In Her Gun Yeni Dogariz (Each Day We Are Born Anew) Erman attempts to create a magnum opus on the history of the Turks from the emergence of the Ottoman state in the late thirteenth century to the upsurge of Mustafa Kemal Pasha in the 1920s. This sounds hazardously like a conventional, chronological epic narrative. It isn't, The structure conforms to historical sequence, but the style is so fresh, so dynamic, so miraculously born anew in each episode that Erman's book functions as a cycle of historic evocations, a prism of stirring impressions.

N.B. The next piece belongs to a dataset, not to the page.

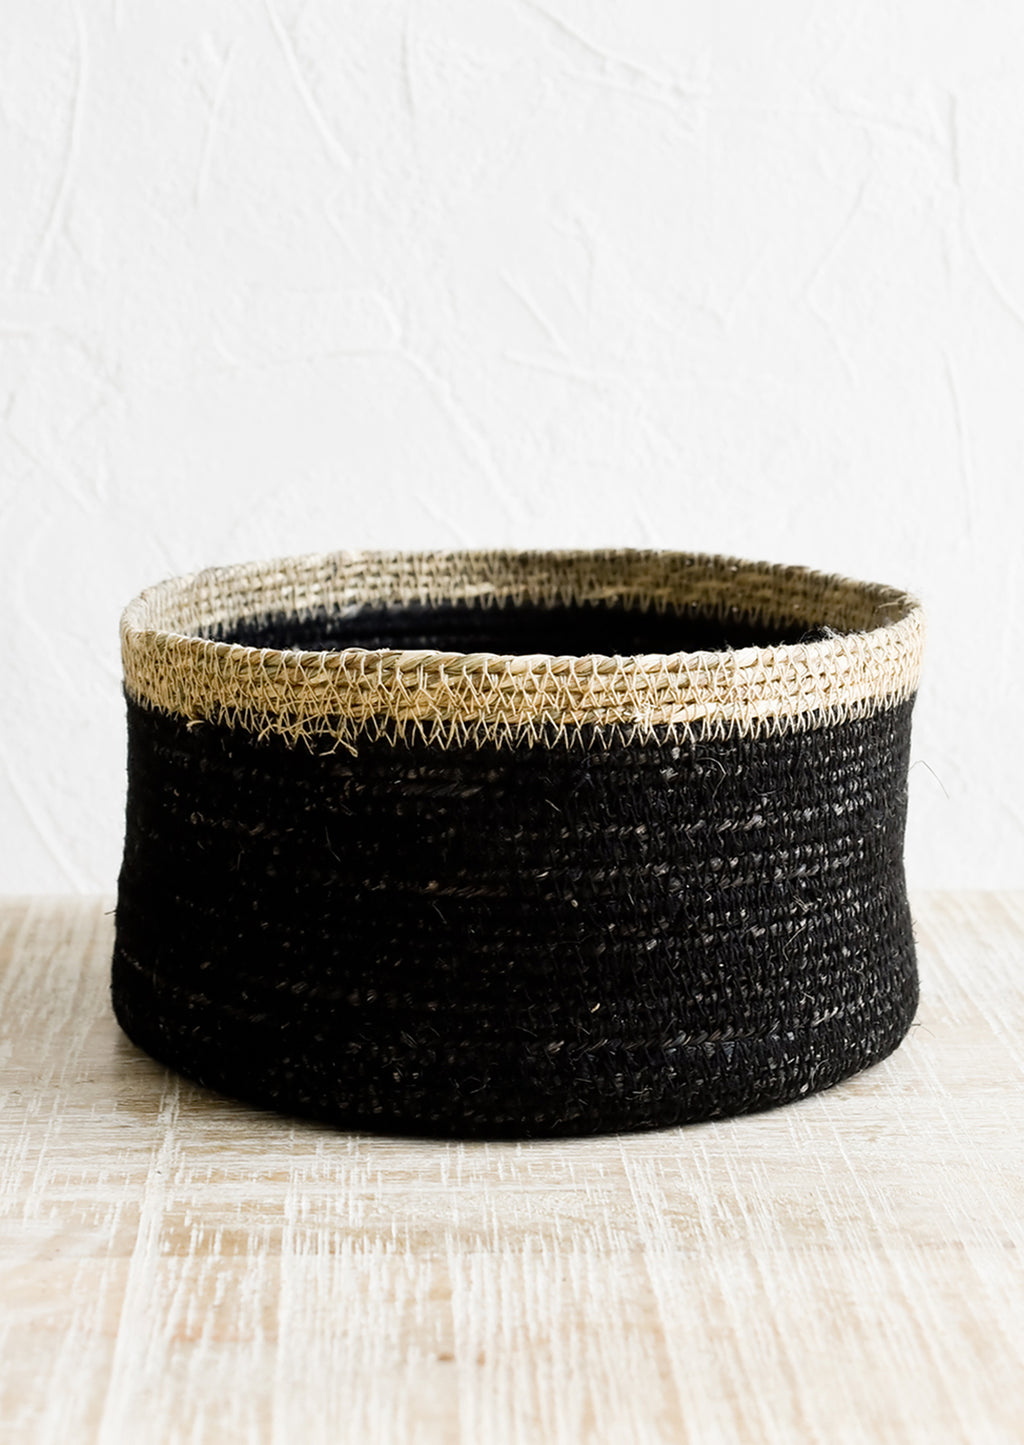 2: A shallow circular basket in black with tan rim.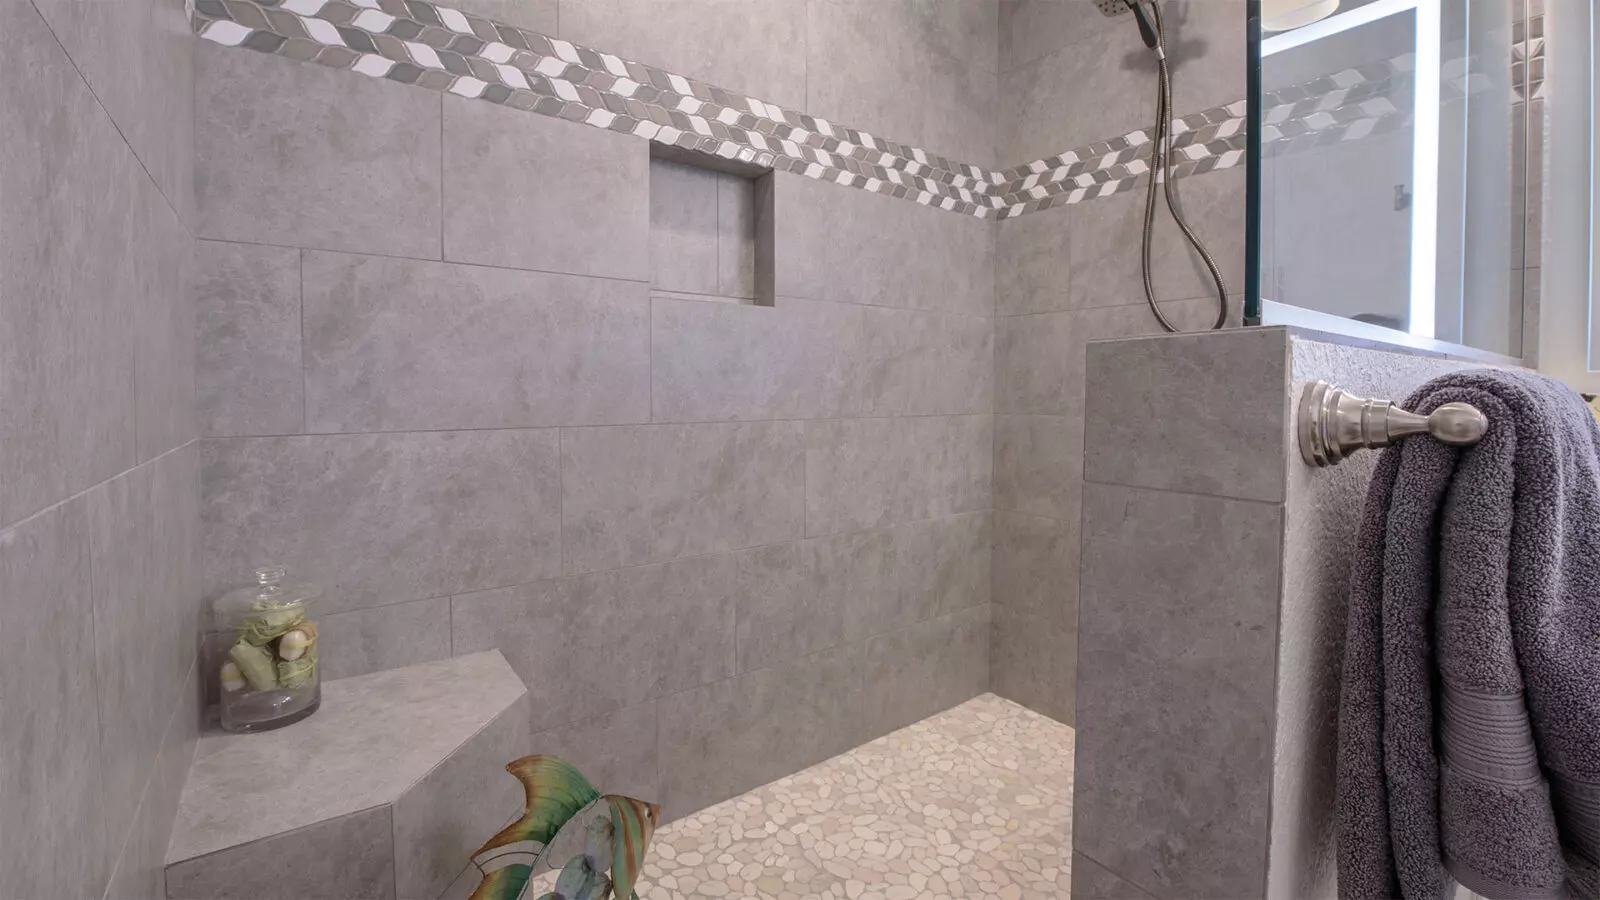 The inside of the shower room of a Scottsdale Shaker designed bathroom

The pitfall of "history in verse"--and Turkey has been badly served in Ottoman times by chroniclers who composed official versions of events in strict meter and rhyme and by twentieth-century poetasters who produced enormous quantities of jingoistic drivel--is its inherent "emphatic fallacy." which has blind faith in "history as reported" and gives vent to that faith in an effusive spirit and a "purple" style.
What sets Erman apart is his finesse in lyric formulations and his range of historical vision. In this encompassing book, his craftsmanship enables him to speak with many voices, from documentary to utopian, from patriotic to satiric, from matter-of-fact to passionate. On an ambitious scale, Erman's poetry enriches history, making it vivid, at once tender and violent, dramatic and humorous. A lilting summation of the fate that befell the members of the Ottoman dynasty functions as a distilled satire, although the structure of the poem is bland and the voice almost prosaic.
THE BIG TALE
Two Sultans- Murad I and II --
Fell at Kosovo and, as martyrs, became glorified.
Carbuncles shoved Selim the Grim to the other side.
It was a blood clot to which Suleyman the Magnificent succumbed.
As for Bayezid the Thunderbolt and Sultan Aziz, suicide.
Afflictions like cirrhosis and TB
Had Selim the Sallow, Murad IV and Mahmud II mortified.
Mehmed the Conqueror, Young Osman, and Selim the Poet Were all
victims of regicide.
Ahmed III, Mehmed III, and Osman Ill,
Mustafa II, Mahmud I, and Abdulhamid I
Suffered apoplexy, that's how they went by the wayside.
They had a weak heart.
And so on with all those majestic rulers --
The glorious Ottoman Empire,
On whose realm the sun never set for 624 years,
Kept the world petrified:
It was a legend, it died.
Her Gun Yeni Dogariz is subtitled "Osman Gazi'den Gazi Mustafa Kemal'e"--from Osman the founder of the Ottoman State to Ataturk, the creator of the Turkish Republic, both referred to as "ghazi," meaning "war hero" in an essentially Islamic sense. The Ottoman section of the book is far more colorful and critical than is that on the emergence of modern Turkey. In depicting more than six centuries of a nation's triumphs and defeats, with profound insights into its life and culture, Nuzhet Erman has created an engrossing poetic saga.